Linux Systems / Site Reliability Engineer (1-2 Years' Experience)
A unique opportunity to join a rapidly growing, world-class organization at NetSuite Global Business Unit (NSGBU) Oracle - Site Reliability Engineering team (SRE). This team plays a key role in product availability, stability, performance, and security. You will collaborate with various engineering teams (system engineering, network, infrastructure, security, maintenance) to support, design, implement, and develop tooling and automation platforms. The NSGBU SRE team also supports application operations in Oracle Cloud Infrastructure, a fast-growing cloud service.
What Will You Do :
As a member of our world-class Site Reliability team, you will leverage your expertise in monitoring, backups, infrastructure, and systems architecture, focusing on mean time to resolution for issues impacting our customer-facing production environment.
The primary responsibility of the SRE is to ensure Oracle NetSuite NSGBU Cloud Operations systems are operational, minimizing customer impact by identifying, resolving, or escalating issues efficiently.
1. Resolve site incidents daily across hardware, network, OS, and application levels.
2. Work proficiently in the Linux terminal.
3. Utilize monitoring and analytics tools like Kibana and Icinga to resolve incidents and identify problems.
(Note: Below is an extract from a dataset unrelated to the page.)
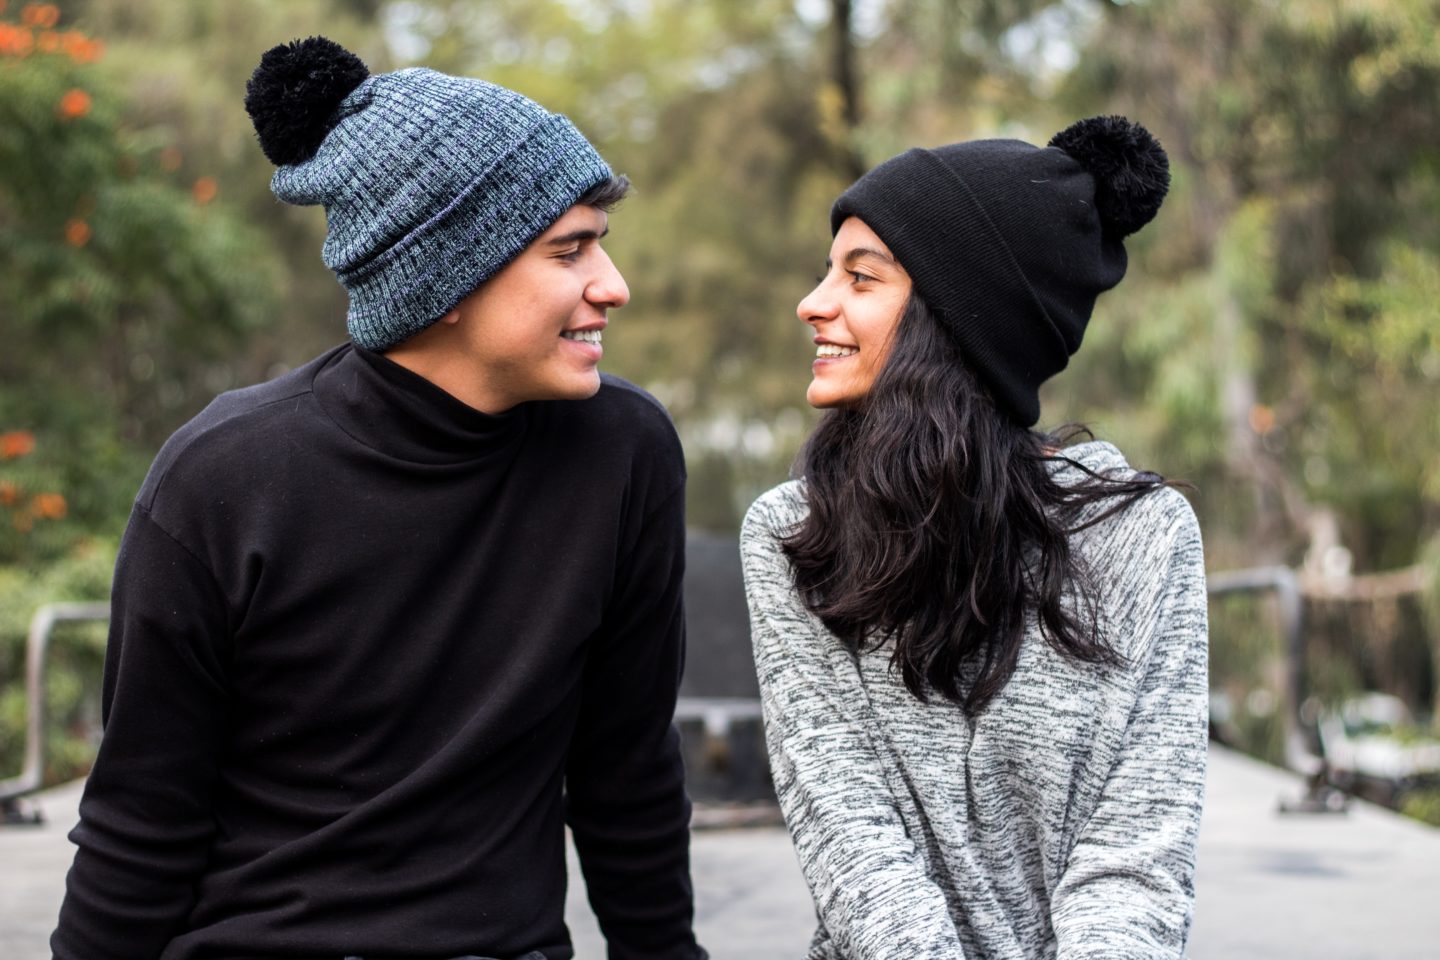 Un homme et une femme, dehors en pull avec des bonnets sur la tête, se regardent en souriant

4. Collaborate with multiple teams to build systems and services that enhance operational efficiency, reliability, scalability, resilience, security, and performance of Oracle NSGBU products.
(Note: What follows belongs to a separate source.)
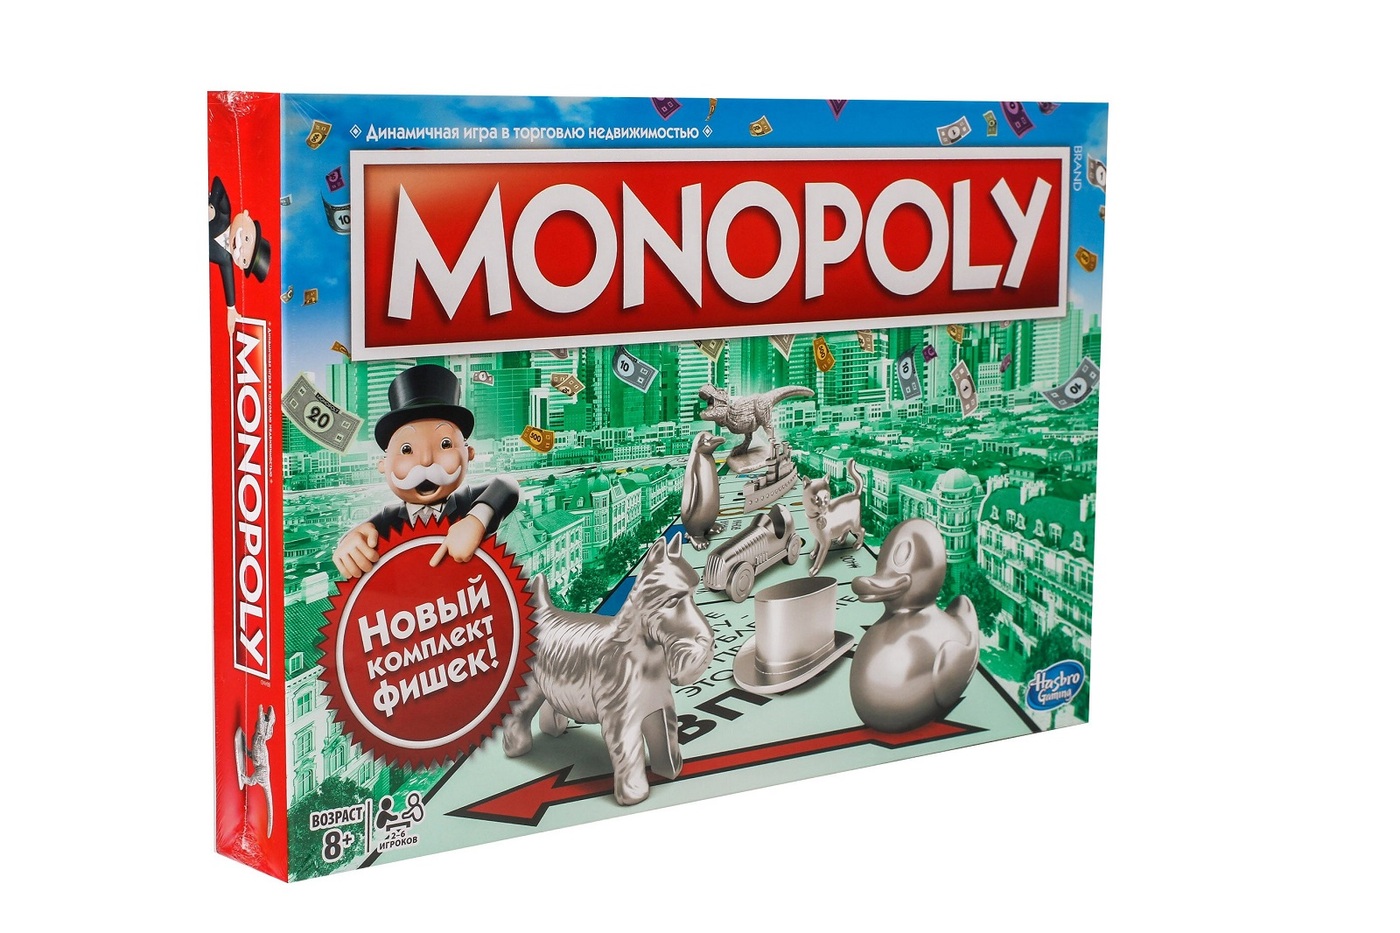 Игра монополия hasbro. Настольная игра Monopoly классическая обновленная c1009. Настольная игра Hasbro Monopoly. Монополия классическая Хасбро. Монополия классическая обновленная c1009121.

5. Participate in NSGBU SRE 24x7 'Follow the Sun' operational coverage.
Qualifications and Education Requirements :
* Strong knowledge and experience in Linux system internals, monitoring, networking, and core cloud concepts.
* Understanding of standard internet services such as DNS, TCP/IP, NFS, and global load balancing.
* Experience in performance troubleshooting and tuning.
* Familiarity with web technologies including Apache, and web sessions.
* Understanding of the software development lifecycle.
* Experience with database environments requiring high availability.
* Solid analytical troubleshooting skills.
* Knowledge of architectural patterns for distributed systems and cloud computing at scale.
* Excellent communication skills in English.
* Bachelor's degree in Computer Science or a related field.
Preferred Skills
* Ability to work quickly and accurately under pressure in time-sensitive situations.
* Self-motivated with a pride in ownership and innovation to improve efficiency and effectiveness.
* Valuing simplicity and scalability, comfortable in collaborative, agile environments, and eager to learn.
* Minimum 5 years of experience in large-scale production operations providing mission-critical services.
Additional Qualifications and Skills
* Scripting experience in Bash, Perl, Python, or similar.
* Knowledge of databases like Oracle, Cassandra, Redis.
* Experience with network monitoring, protocols, SNMP, syslog, telemetry, REST API.
* Experience with orchestration and configuration tools such as SaltStack, Terraform, Kubernetes, Ansible.
* Exposure to distributed platforms like GlusterFS, Zookeeper, Kafka, Elasticsearch.
* Exposure to Oracle Exadata.
* Basic understanding of ITIL concepts.
Additional Notes
This role requires the ability to work on weekends.
#J-18808-Ljbffr